# Mtn Dew vs hillbilly brew



## splante (Feb 14, 2011)

Not sure if this has been covered in the past but I just picked up a hillbilly brew bottle today. Can't believe the blantent ripoff of the mountain dew bottle. Any history of law suits and years the company was in business would be appreciated.


----------



## acls (Feb 14, 2011)

I read in an ebay listing for a Hillbilly Brew bottle bottle that Hillbilly Brew was Sundrop's version of Mountain Dew.


----------



## Anthonicia (Feb 14, 2011)

I don't think that it was Sun Drop's Mountain Dew.  I always thought Sun Drop was just Sun Drop to Mountain Dew.  Sun Drop is very prevalent here.  There used to be a Sun Drop bottler in site of my house, but it went out of business in the mid 90s.  

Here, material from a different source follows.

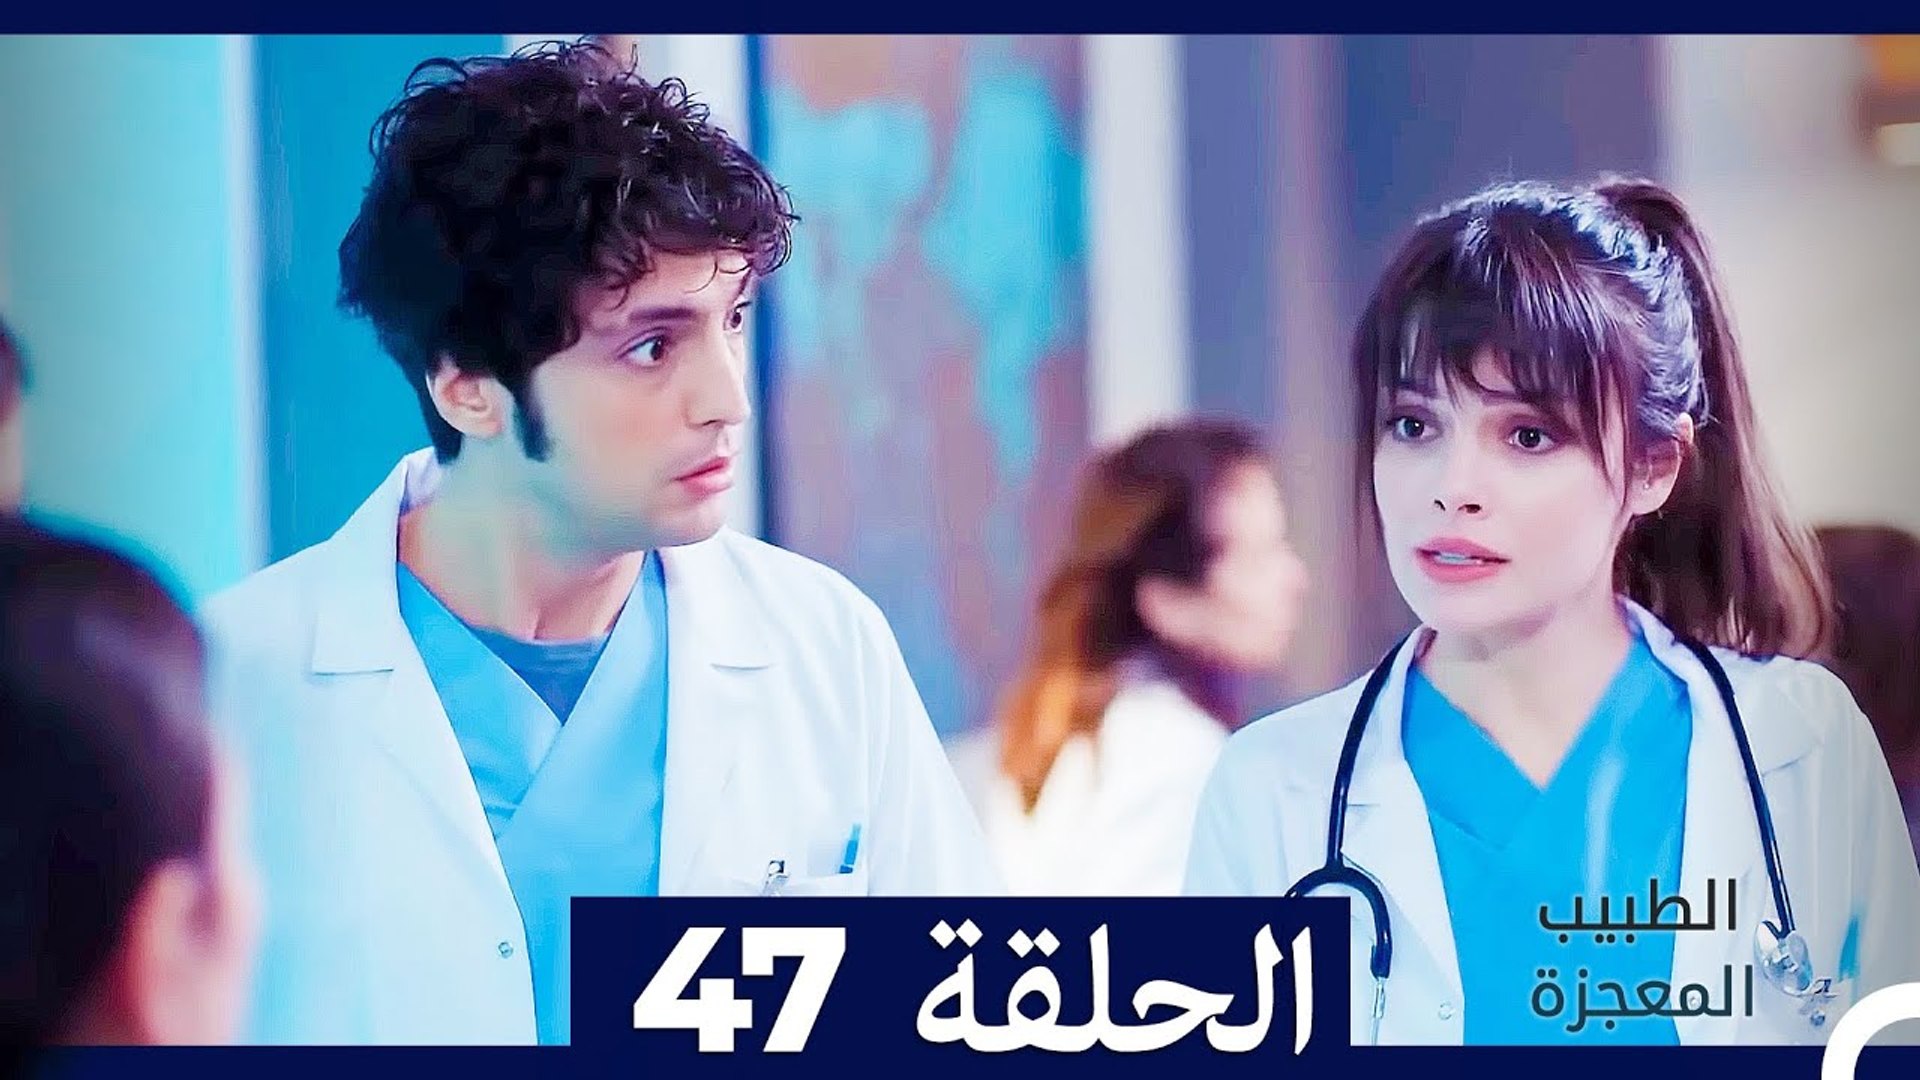 الطبيب المعجزة الحلقة 47 (Arabic Dubbed) - فيديو Dailymotion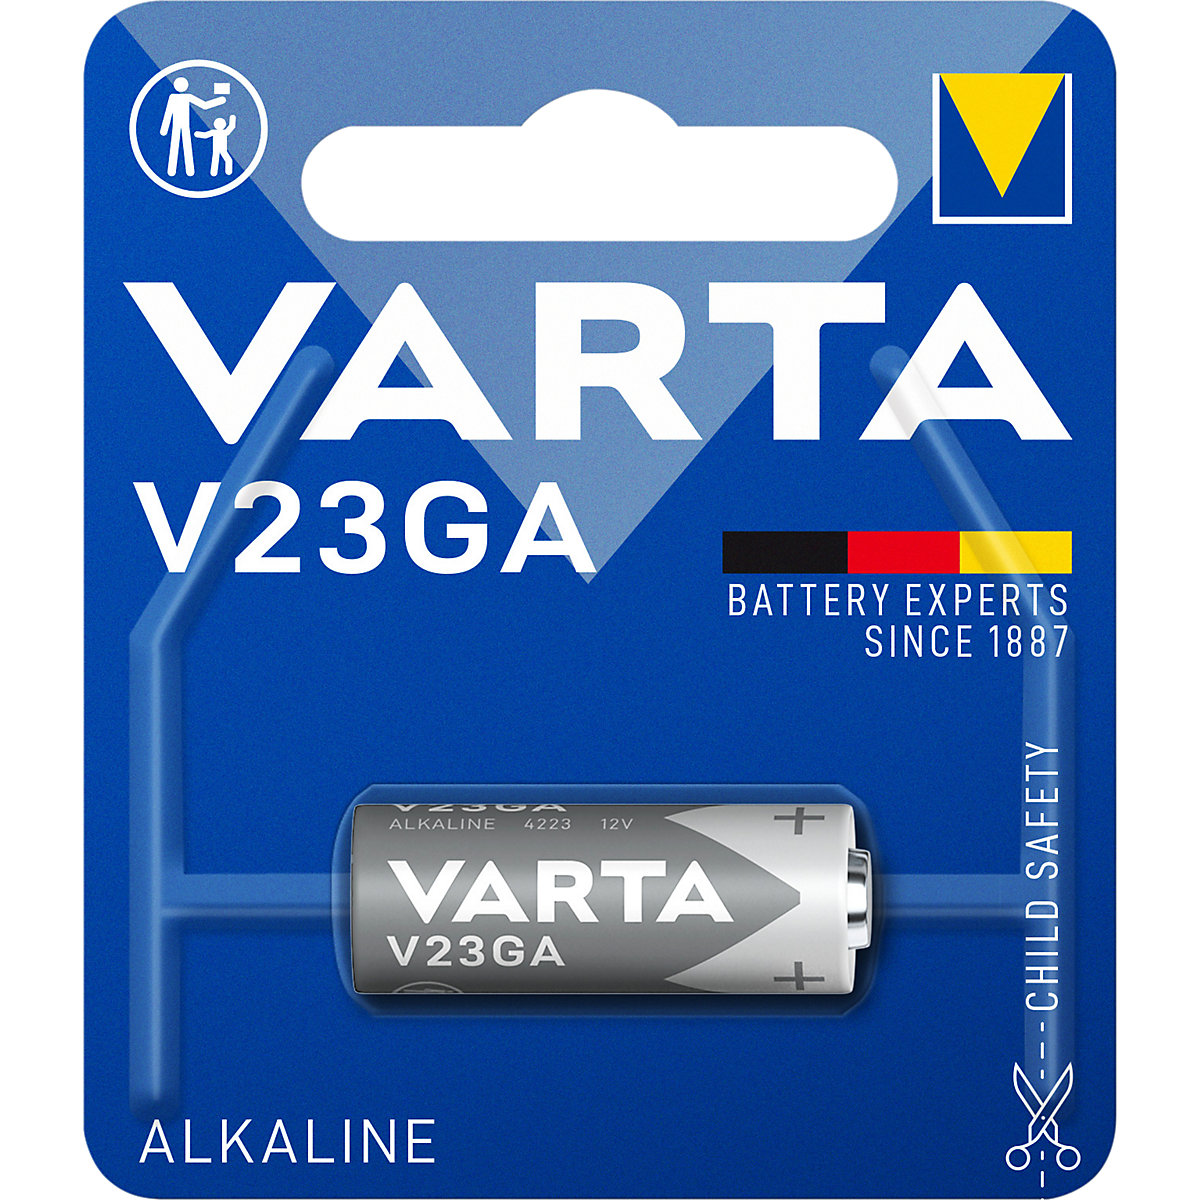 ALKALINE special battery – VARTA: V23GA

 There were plenty of other knock offs that look similar to Mountain Dew. You got Hillbilly Brew, Faygo Moonshine, Kickapoo Joy Juice, Kick, White Lightnin', Hillbilly Beverages, Hillbilly Dew, Stone Mountain Mist, and not to mention akll of the grocery store brandnames, like Mountain Lion for Food Lion.  Ummm I am sure u can name a few.  

 Its crazy how Coca Cola got rid of all its competition in the early days through lawsuits, but I don't think there has ever been one w mountain dew.  I could be very wrong, but I have never heard of one.  I mean they still do it today.  Maybe that's just an agreement the stores have with Pepsi and Coke, but idk. Well, I hope I helped you some.  Have pics of most of those bottles if u wanna see them?


----------



## JayBeck (Feb 14, 2011)

Cotton Club in Cleveland had Hillbilly Joose. I don't think there are any ACLs of this brand but the can is nice and there is a paper label 16 oz bottles as well.

 How about starting a thread for the Mountain Dew knockoffs? I have not seen a post like that here before. It would be interesting to see all (most) of them in one place.


----------



## Anthonicia (Feb 14, 2011)

Jaybeck- I will get some photos of mine tonight and start the thread for it after I get back from Olive Garden with the ole lady.  She's in a pissy mood, so won't be busy with her tonight.  Gotta love stupid Valentine's Day!!!


----------



## ncbred (Feb 14, 2011)

There was a Hillbilly Cola that used that same ACL as the Hillbilly Brew.


----------



## splante (Feb 15, 2011)

yhanks all for the info..will look at the thread on md knockoffs,never realized somany knockoffs


----------



## acls (Feb 25, 2011)

Hey Anthonica.  Your response caused me to do a little digging and I am pretty sure you are right.  Hillbilly Brew is not Sundrop's version of MD.  I did find some bottling information on a Hillbilly Cola (the rarer version of Hillbilly Brew) that suggests Hillbilly Brew was Ma Cherie's version of Mountain Dew.  Ma Cherie put out various flavor drinks (orange, grape, probably more) in the 60s.  I believe Ma Cherie was a St. Louis company.


----------



## TJSJHART (Feb 25, 2011)

I RECENTLY PICKED UP A FEW MA'S BOTTLES  BOTH ARE OUT OF PA.  ONE SAY'S OLD FASHION ROOT BEER THE OTHER JUST SAYS OLD FASHION ON IT . FUNNY THEY BOTH SAY " OLD FASHION INC." ?


----------



## morbious_fod (Feb 25, 2011)

I'd love to find a Hillbilly Cola. Like Anthonicia said after the huge success of the hillbilly inspired Mountain Dew there were a metric ton of immitators, many of which we are still finding today. Some even rebranded themselves to fit into the hillbilly mystique, like Quicky.


----------



## madman (Feb 25, 2011)

HEY MORB THE QUICKY BOTTLES  I KNOW COMMON, BUT COOL!


----------



## morbious_fod (Feb 26, 2011)

While they didn't do it with the bottles themselves there are cartons out there with hillbillies on them.


----------